The markdown timestamped parser supports multiple header formats:

- `# 00:15:30 - Title` (timestamp first with separator)
- `# 00:15:30 Title` (timestamp first, no separator)
- `# Title @ 00:15:30` (timestamp last with @)
- `## 1:23:45 - Chapter Title` (any header level)

### Custom Pattern with Timestamps (`custom_ts`)

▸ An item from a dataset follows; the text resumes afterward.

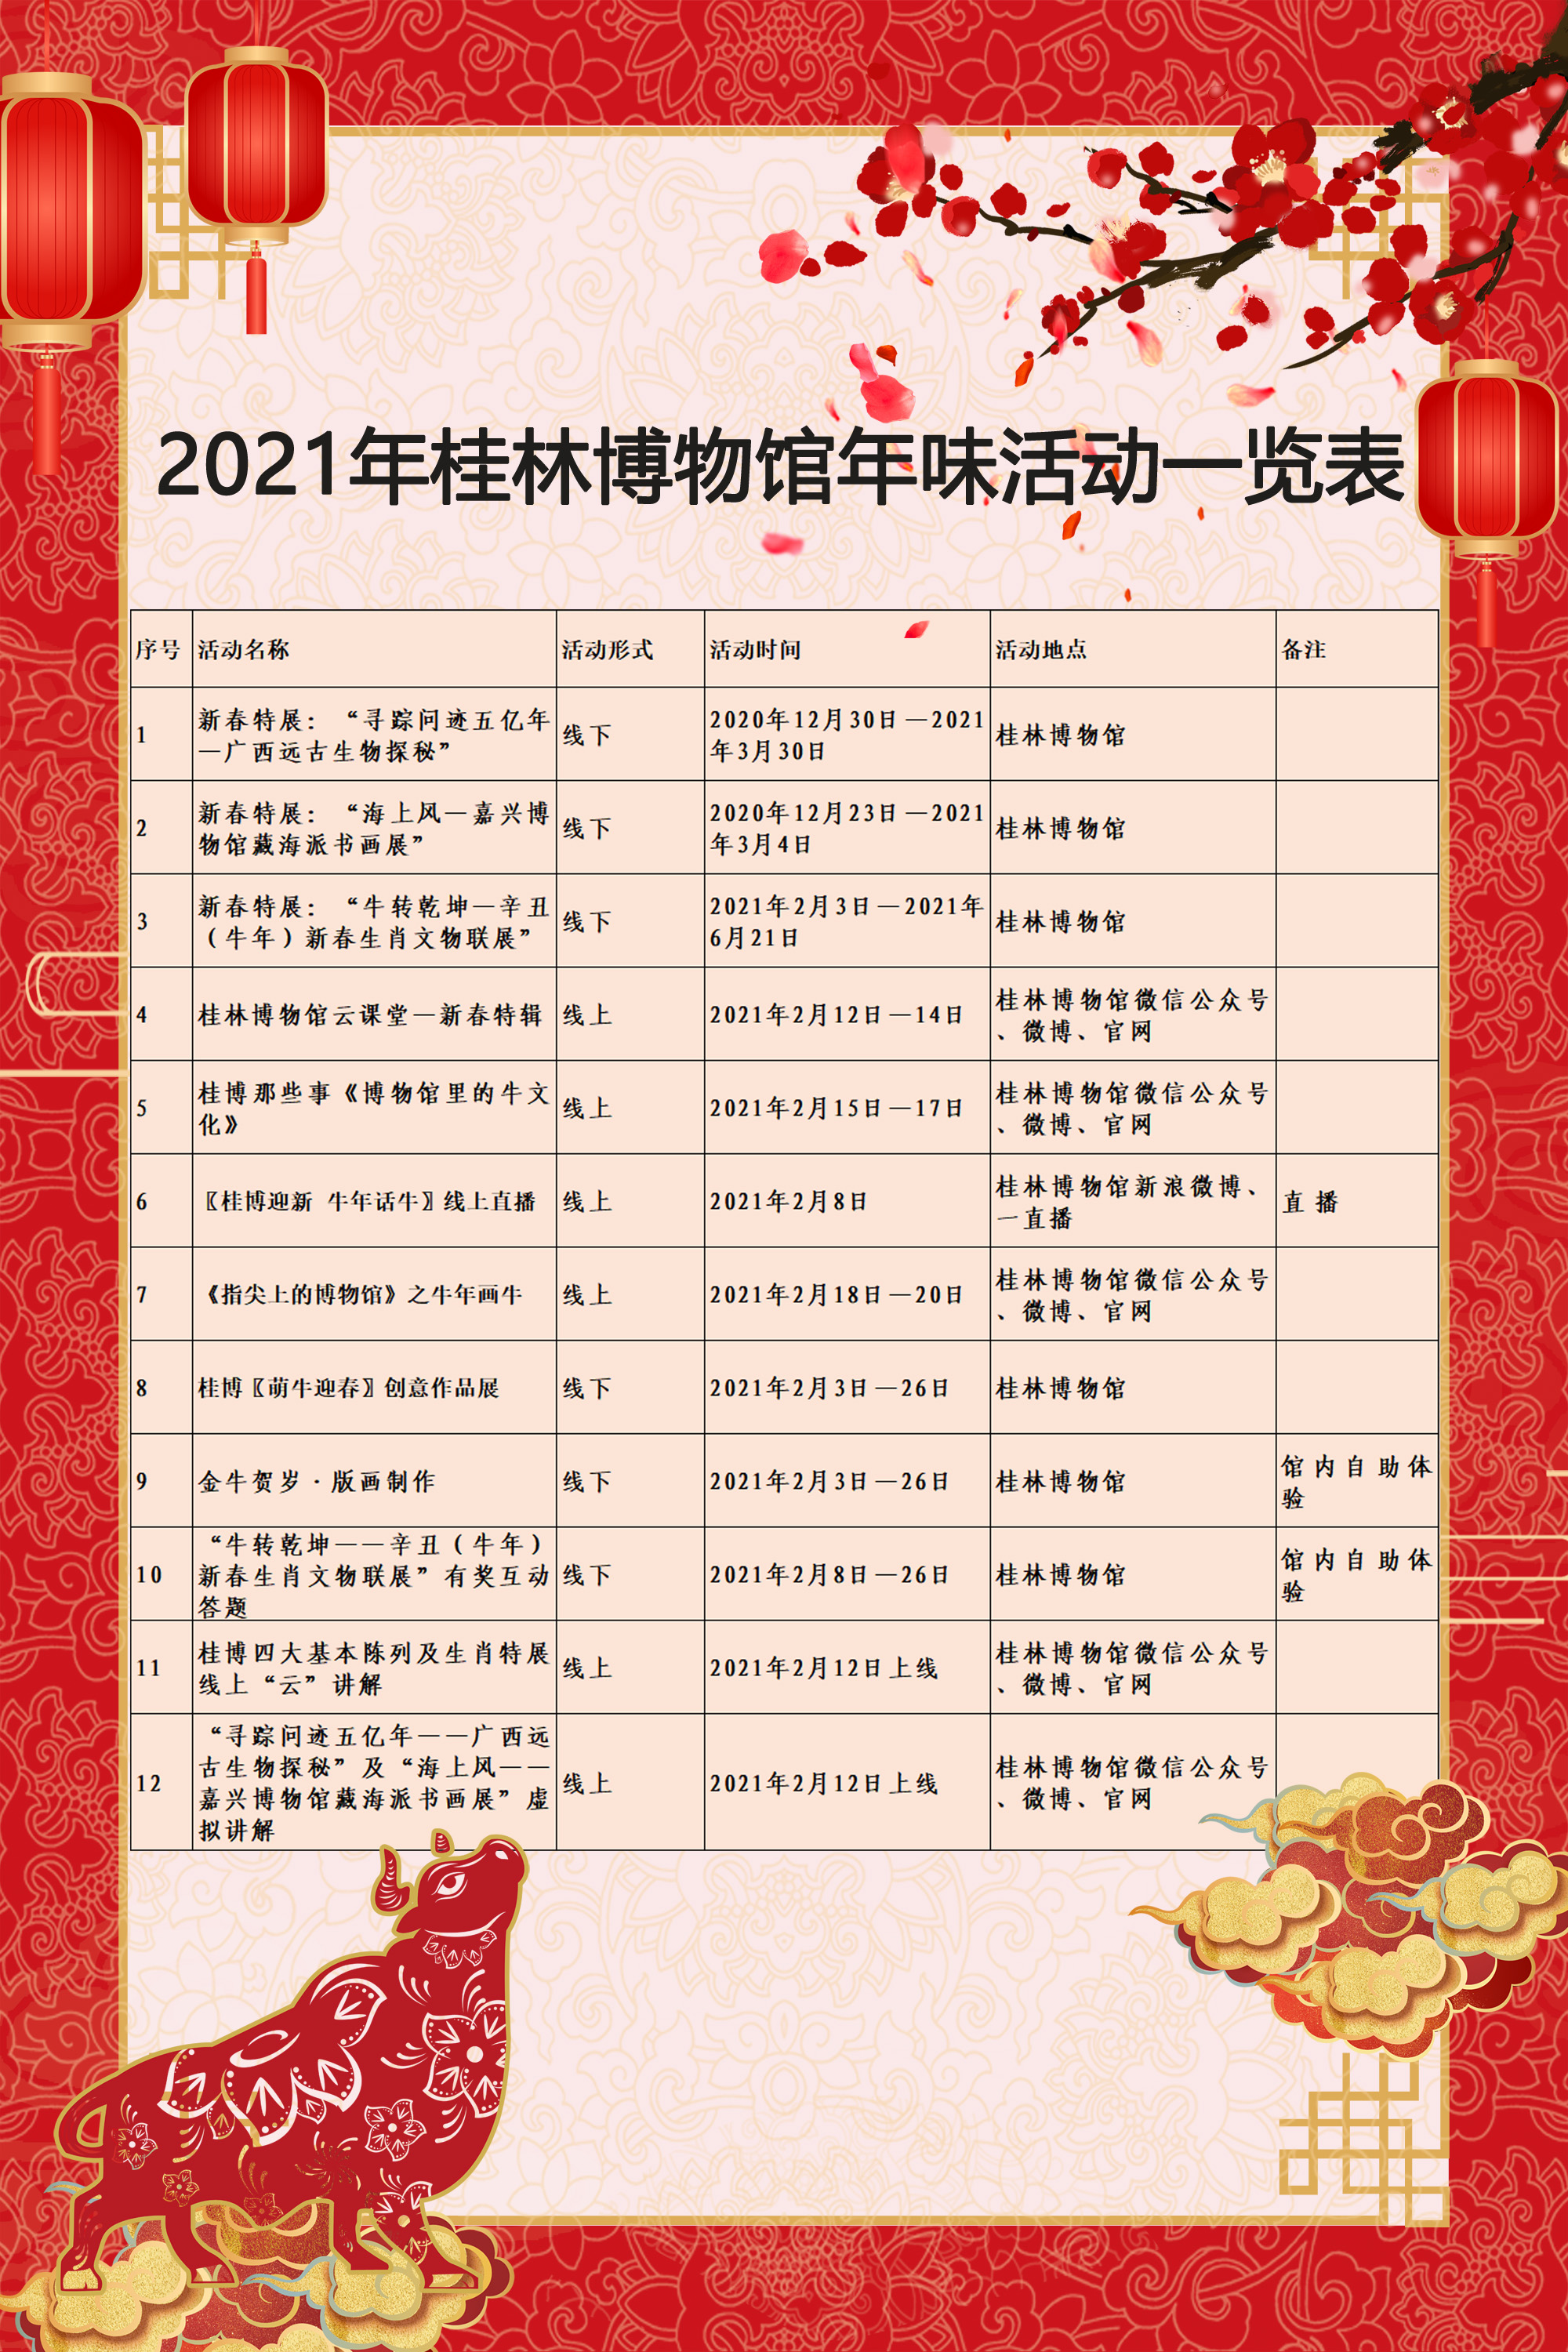 2021年桂林博物馆年味活动一览表0.jpg

For `custom_ts`, provide a regex pattern with named groups:

```python
from chunkseg import evaluate

result = evaluate(
    hypothesis="[ Intro @ 1:23:45 ] text... [ Main @ 2:00:00 ] more...",
    reference=[0.0, 125.0],
    duration=600.0,
    format="custom_ts",
    custom_pattern=r"\[\s*(?P<title>[^@]+?)\s*@\s*(?P<timestamp>\d+:\d{2}:\d{2})\s*\]",
    timestamp_format="H:MM:SS",
)
```

Supported `timestamp_format` values:
- `"HH:MM:SS"` — 2-digit hours (e.g., `01:23:45`)
- `"H:MM:SS"` — variable hours (e.g., `1:23:45`) — **default**
- `"MM:SS"` — 2-digit minutes (e.g., `23:45`)
- `"M:SS"` — variable minutes (e.g., `3:45`)
- Custom regex with named groups: `(?P<h>...)`, `(?P<m>...)`, `(?P<s>...)`

## Metrics

### Binary Classification

| Metric | Description |
|--------|-------------|
| F1 | Harmonic mean of precision and recall |
| Precision | TP / (TP + FP) |
| Recall | TP / (TP + FN) |
| Accuracy | (TP + TN) / Total |
| Specificity | TN / (TN + FP) |

### Segmentation-Specific

| Metric | Description |
|--------|-------------|
| Pk | Beeferman's Pk metric (via segeval) |
| WindowDiff | Window difference metric (via segeval) |
| Boundary Similarity | Boundary similarity score (via segeval) |
| GHD | Generalized Hamming Distance (via nltk) |

### Statistics

- Bootstrap confidence intervals for all metrics
- Standard deviation
- Prediction and reference segment counts

## Dependencies

**Required:**
- `numpy`
- `segeval`
- `nltk`

**Optional:**
- `alqalign` — for transcript alignment (install with `pip install chunkseg[align]`)

## License

This project is licensed under the MIT License - see the [LICENSE](LICENSE) file for details.

The MIT License is a permissive open-source license that allows you to use, modify, and distribute this software for any purpose, including commercial applications, with minimal restrictions.